● **EXERCISE AIM**: For this exercise, restate every line below word for word and drop the images.

++++++++++++++++++++

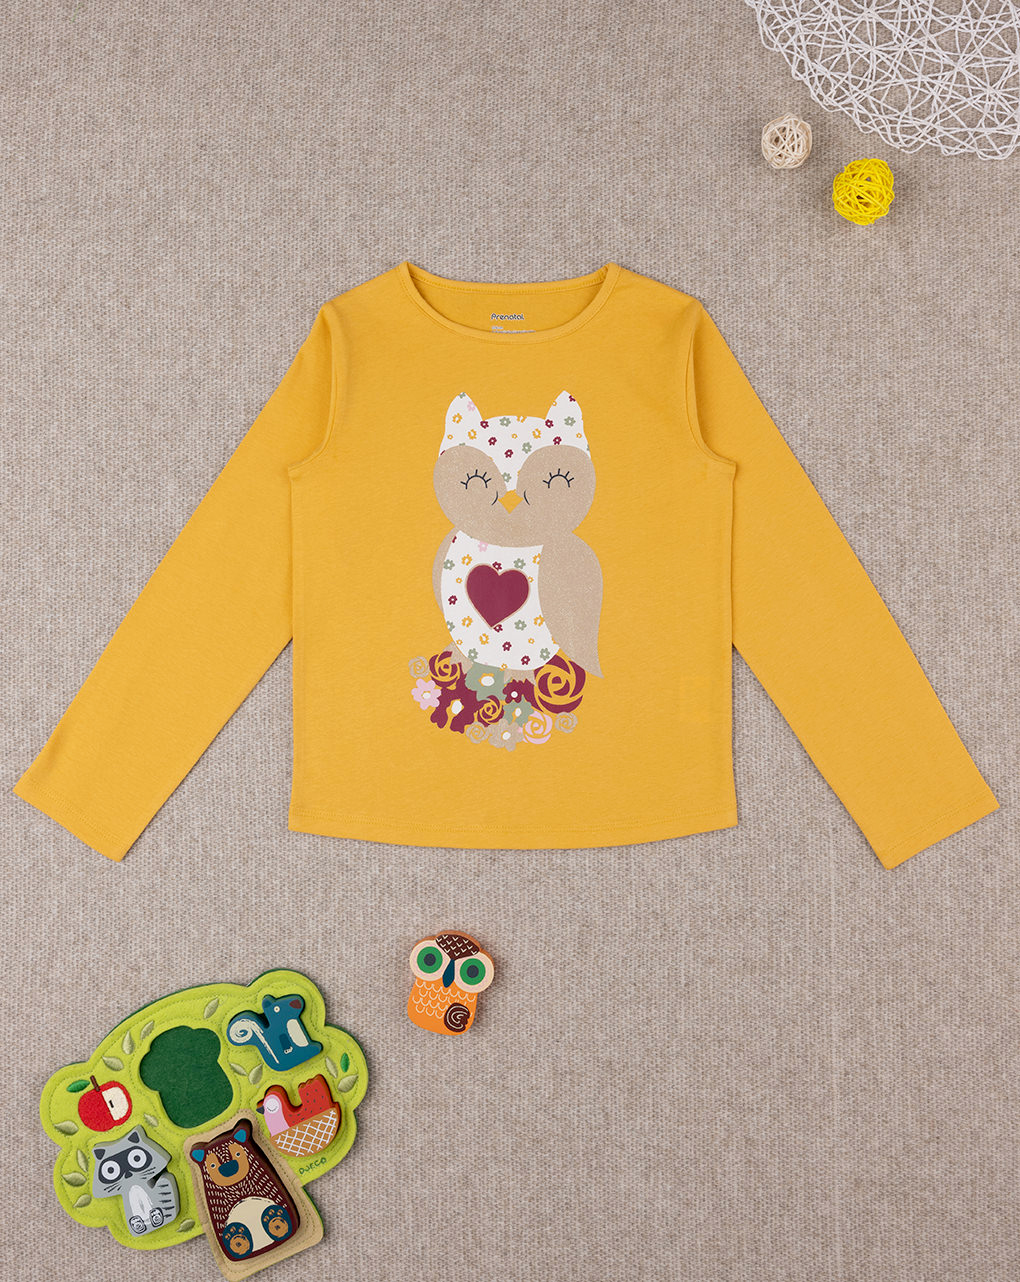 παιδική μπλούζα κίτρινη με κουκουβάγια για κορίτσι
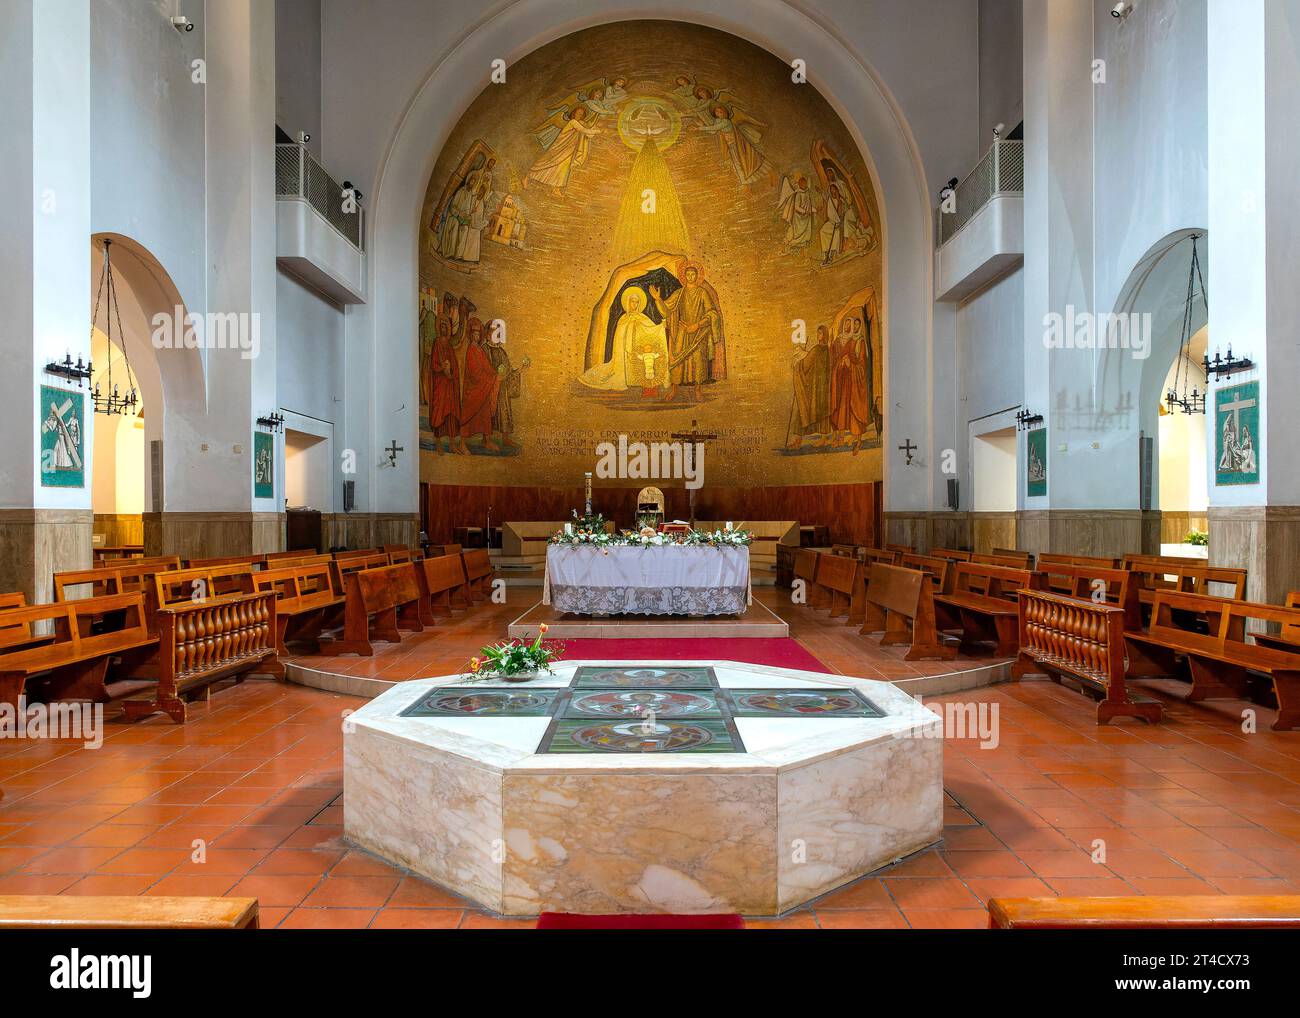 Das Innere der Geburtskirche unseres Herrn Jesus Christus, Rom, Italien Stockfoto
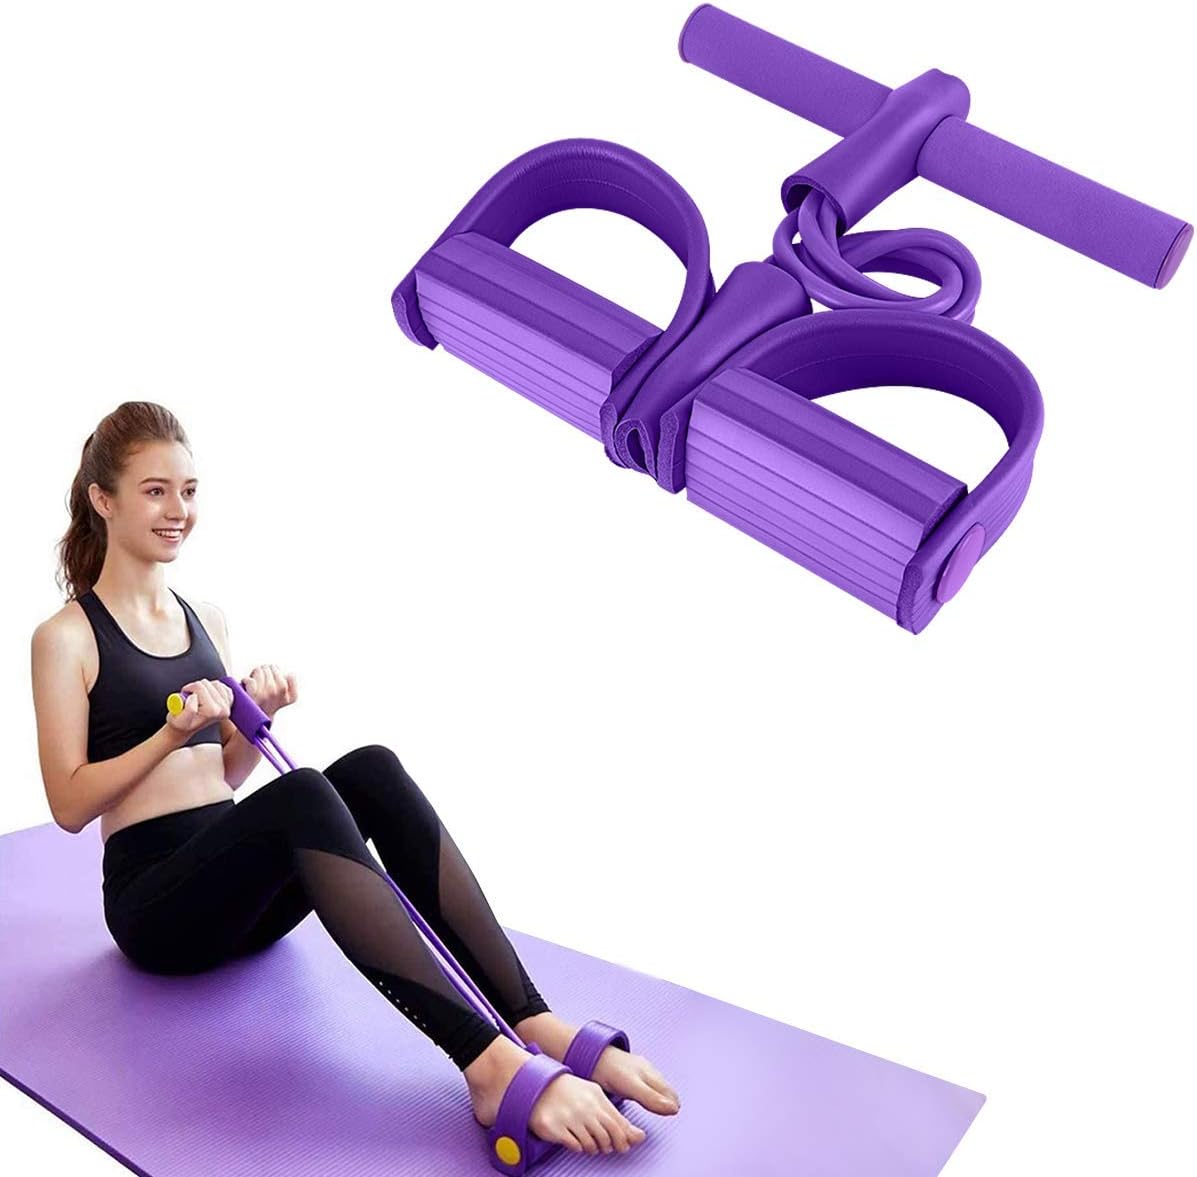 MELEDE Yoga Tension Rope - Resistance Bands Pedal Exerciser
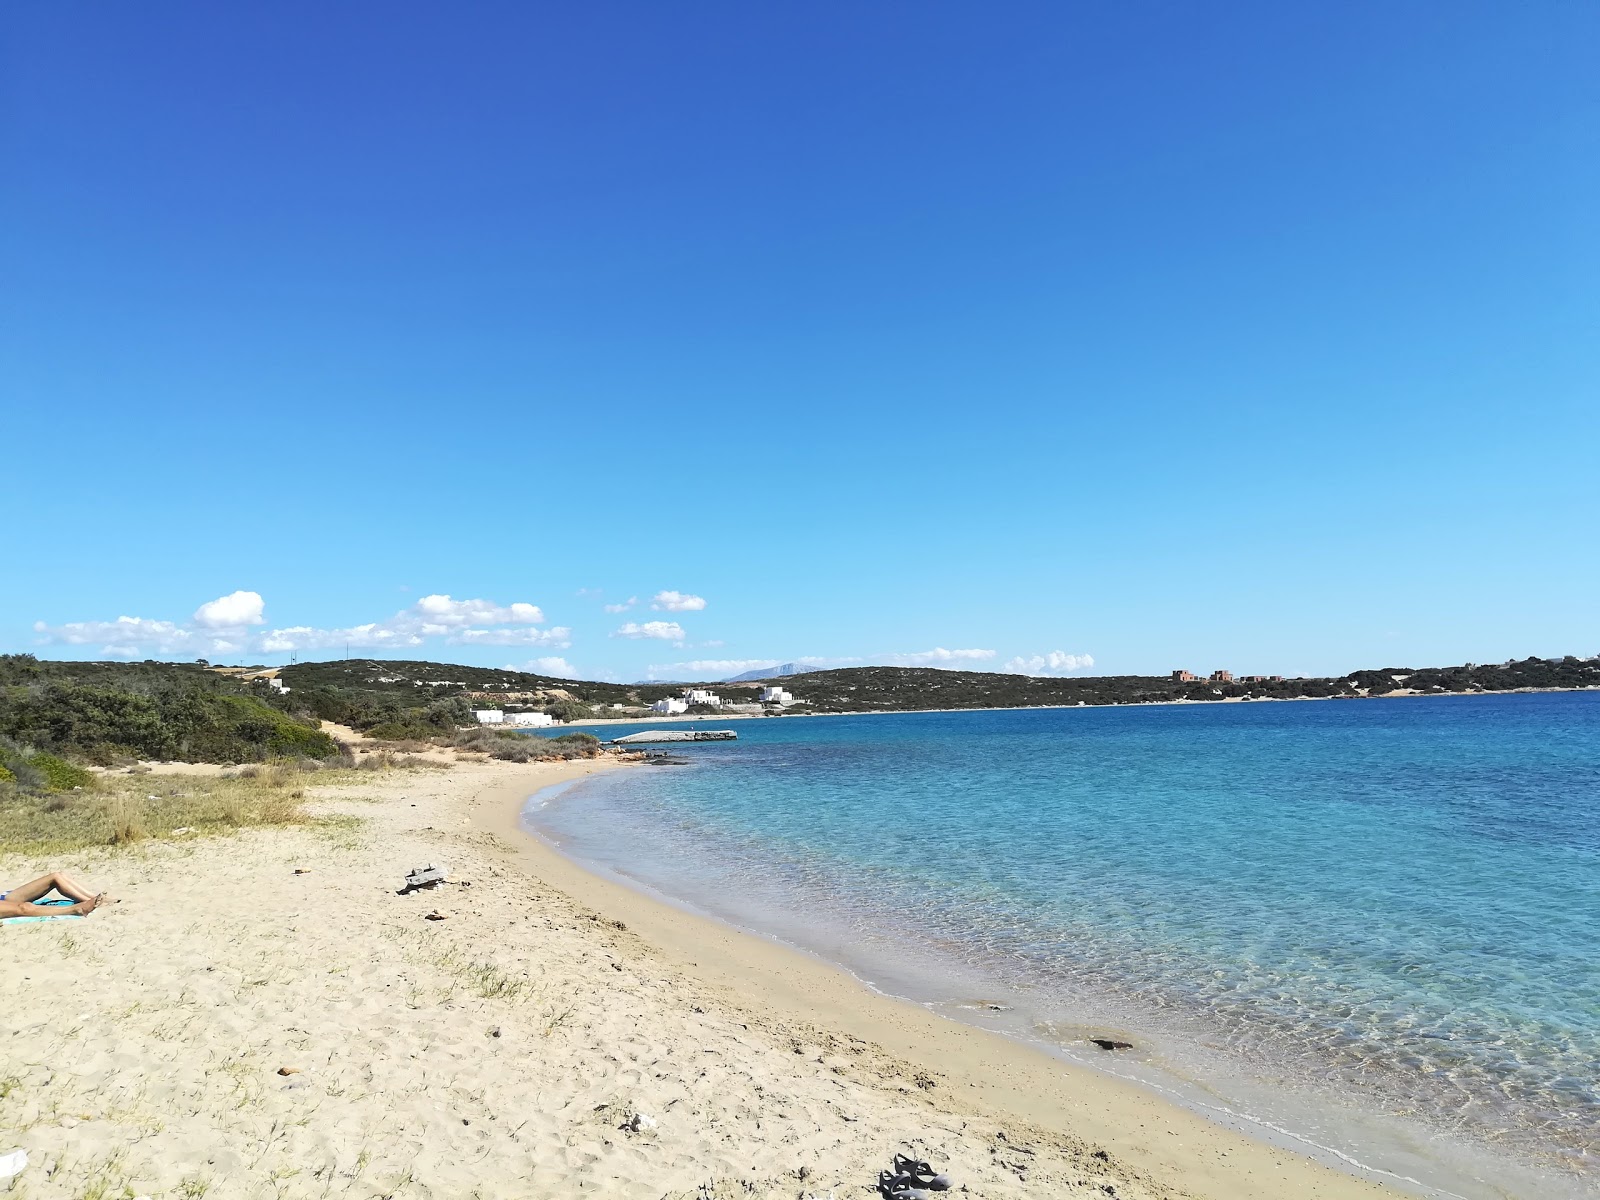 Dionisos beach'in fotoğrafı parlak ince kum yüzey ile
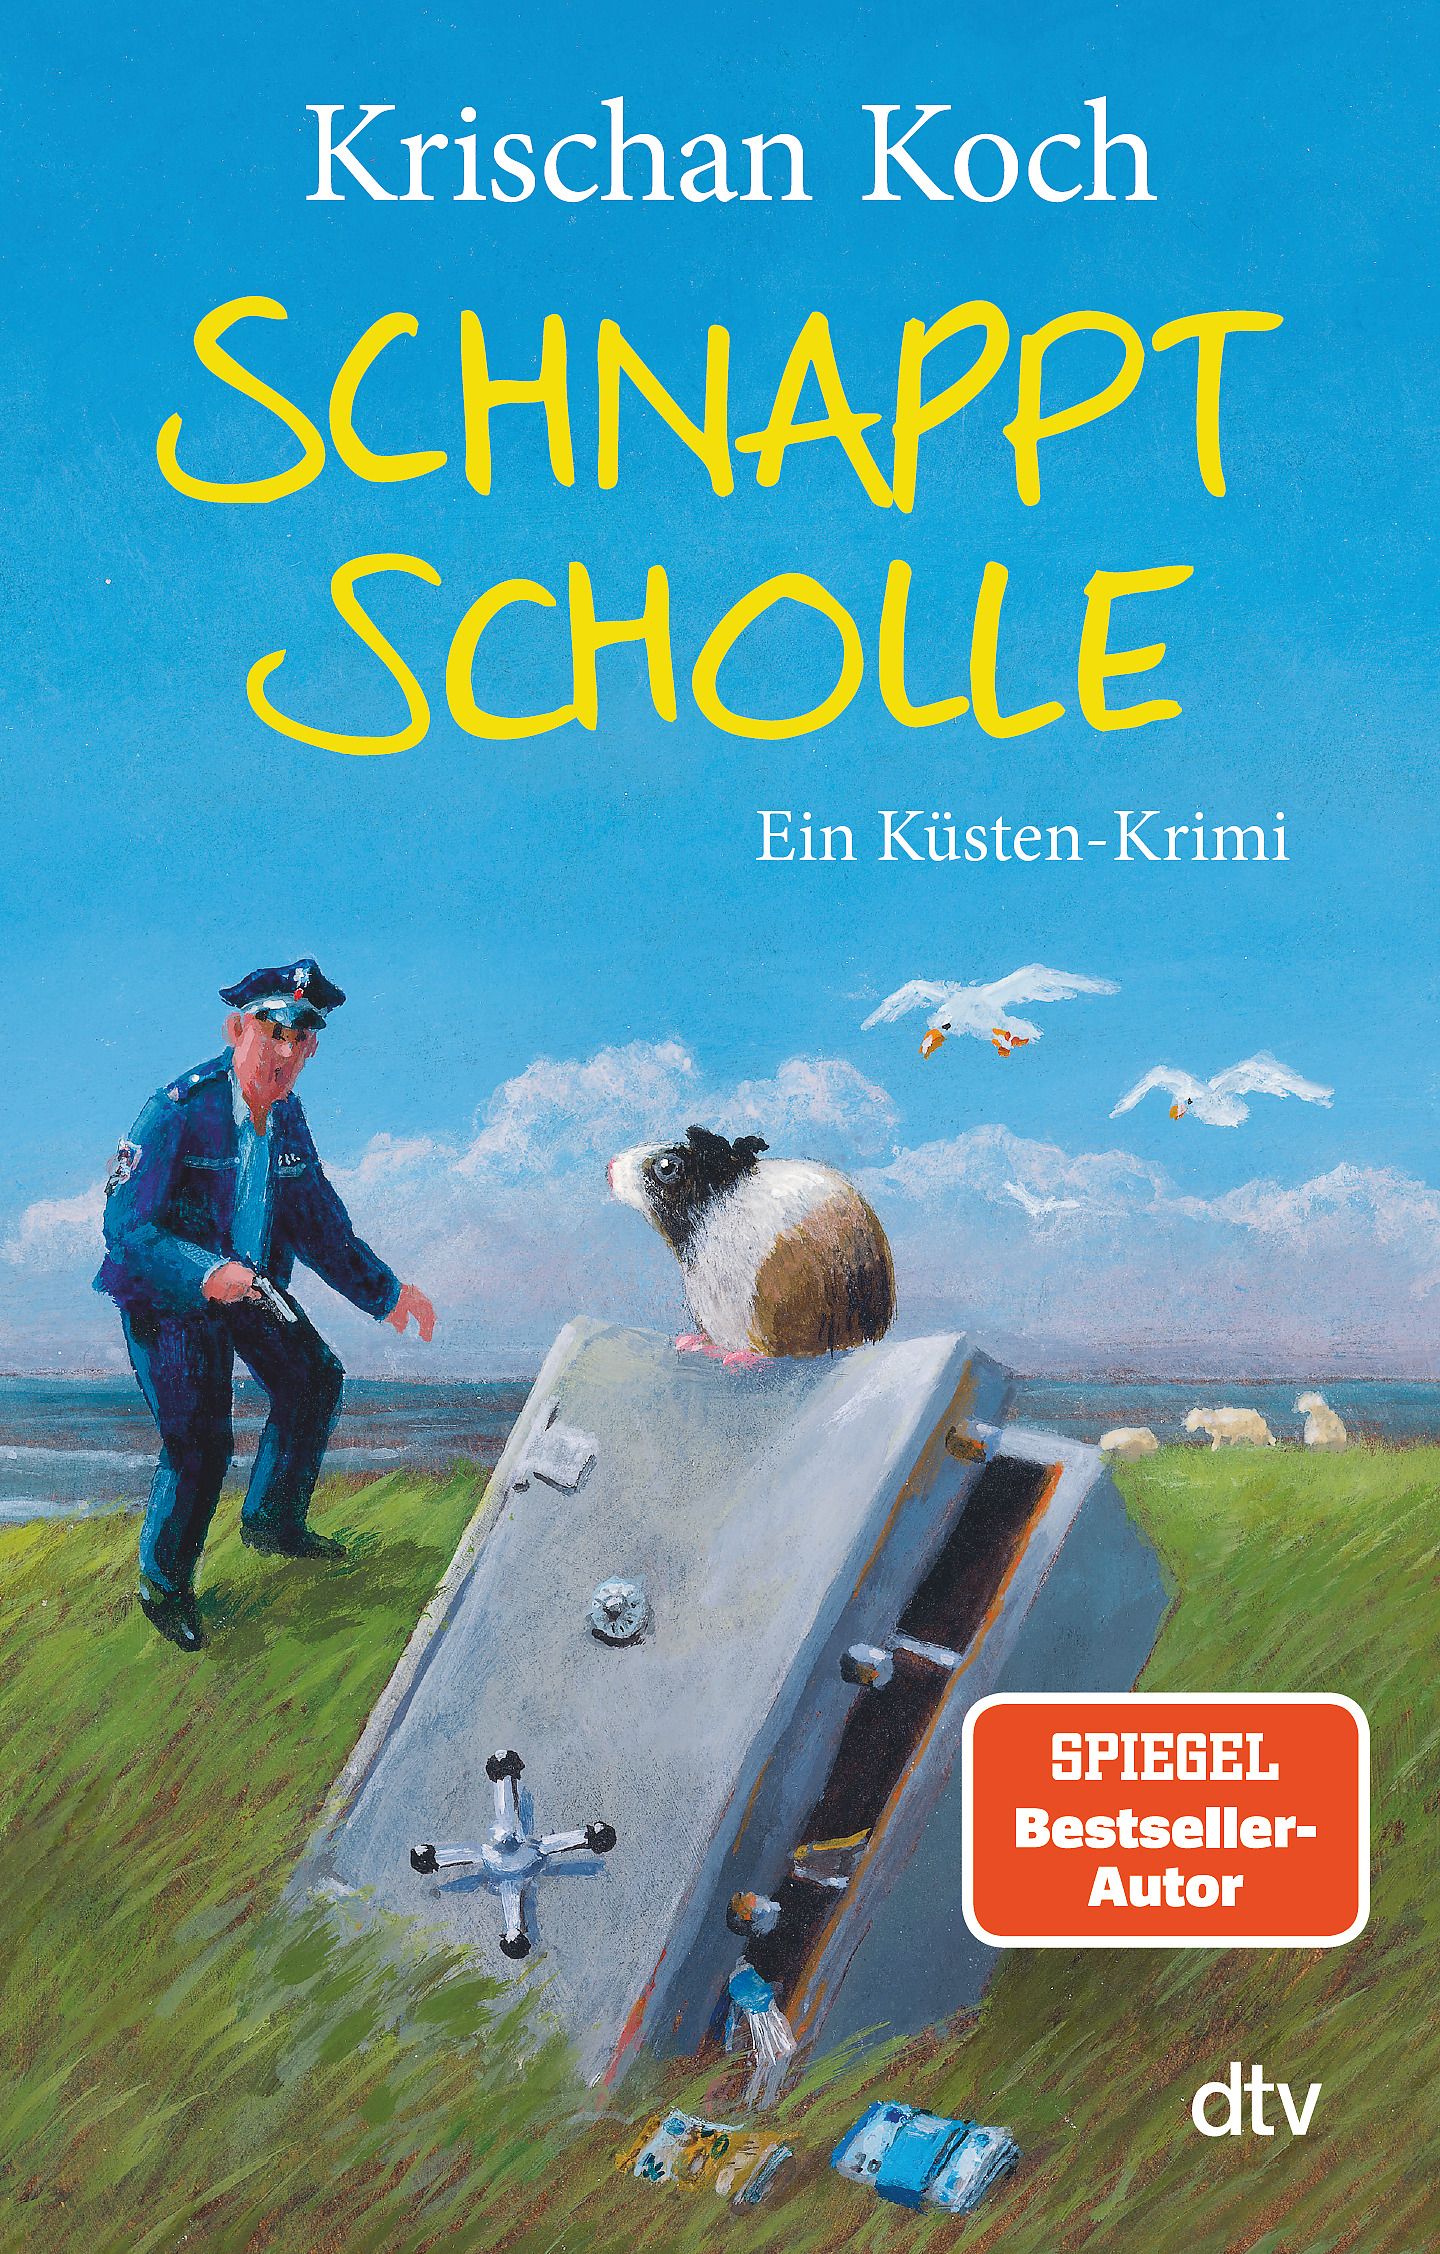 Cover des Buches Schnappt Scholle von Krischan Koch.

++++++++++++++++++++

● **WRITTEN ANSWER**:
 παιδική μπλούζα κίτρινη με κουκουβάγια για κορίτσι
 Das Innere der Geburtskirche unseres Herrn Jesus Christus, Rom, Italien Stockfoto
 MELEDE Yoga Tension Rope - Resistance Bands Pedal Exerciser
 Dionisos beach'in fotoğrafı parlak ince kum yüzey ile
 Cover des Buches Schnappt Scholle von Krischan Koch.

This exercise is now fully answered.